Significantly, the court in Harco National Insurance Co. v. Green Farms, Inc. , 1989 WL 110537, at *6 (Del. Ch. Sept. 19, 1989) (unpublished), noted that the issue of whether the corporate entity should be disregarded based on "constructive fraud and injustice" is an "onerous" task for summary judgment. The court finds that, in the instant matter, there are genuine issues of material fact as to whether UBS controlled and influenced AMTLP and/or Seven Trails or vice versa, and whether the corporate cloak was used to perpetrate fraud and injustice involving the transfer of funds from Seven Trails to AMTLP. As such, the court further finds, to the extent Defendants seek summary judgment in their favor as to Count 4 of Plaintiffs' Second Amended Complaint, that Defendants' Motion should be denied.


For the reasons discussed above, the court finds that Defendants' Motion for Summary Judgment will be denied in its entirety. The parties are instructed that the jury instructions which they submit to the court pursuant to the court's Amended Case Management Order (Doc. 76) should properly reflect the law upon which the court has relied in reaching this conclusion. Further, for the reasons set forth above, the court finds that Plaintiffs' Motion to Strike Affidavit of Michael A. Clithero (Doc. 106) will be denied, and Defendants' Motion Nunc Pro Tunc for Leave to File Sur-Reply (Doc. 111) will be granted.
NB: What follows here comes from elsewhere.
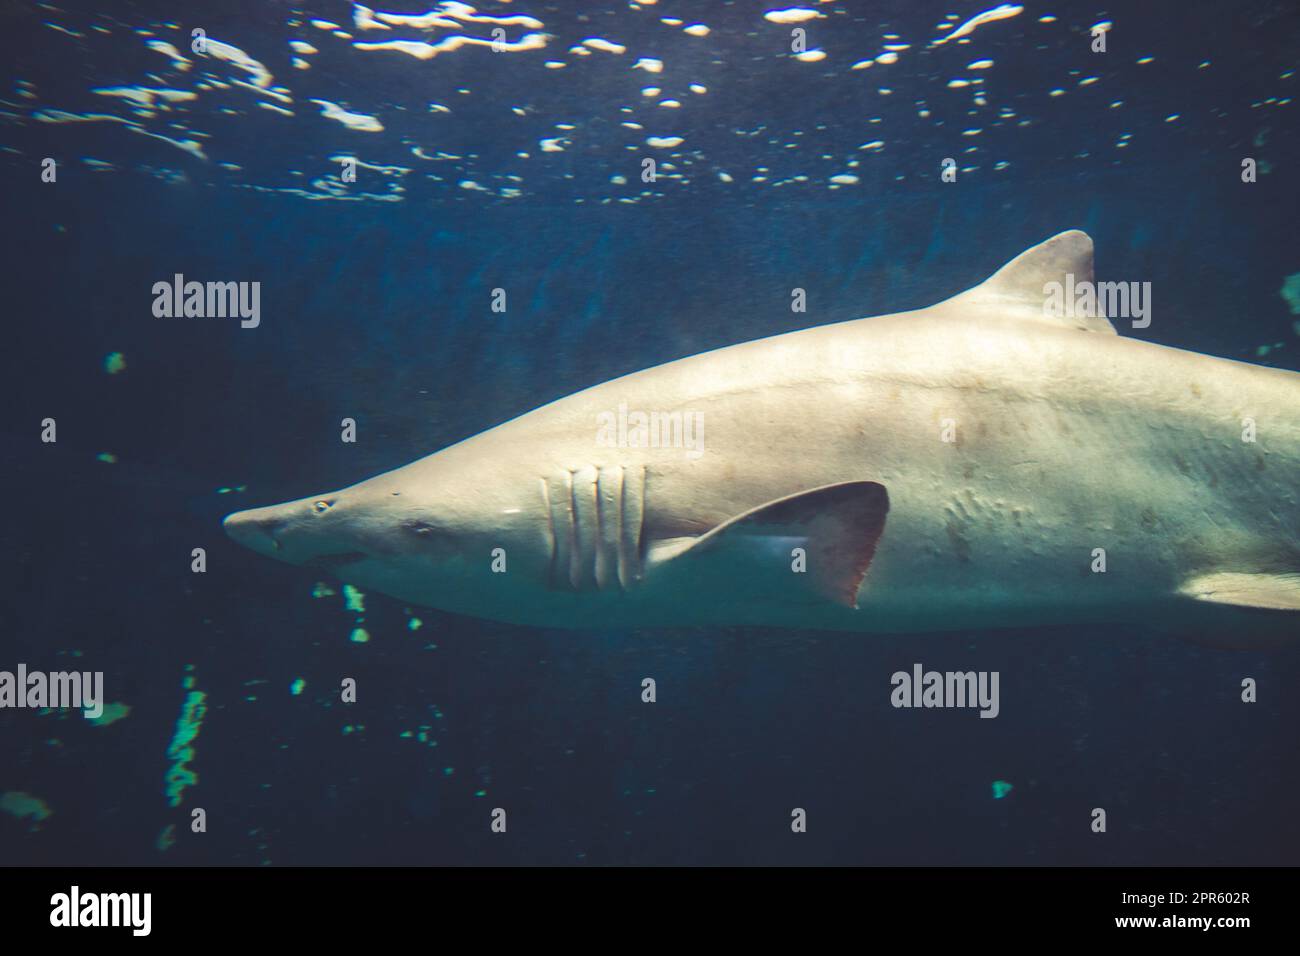 Sand tiger shark close-up view in ocean Stock Photo

IT IS HEREBY ORDERED that Plaintiffs' Motion to Strike Affidavit of Michael A. Clithero (Doc. 106) is DENIED;

IT IS FURTHER ORDERED Defendants' Motion Nunc Pro Tunc for Leave to File Sur-Reply (Doc. 111) is GRANTED; and

IT IS FINALLY ORDERED that Defendants' Motion for Summary Judgment (Doc. 80) is DENIED, in its entirety, and that Defendants' request for oral argument in this matter is DENIED.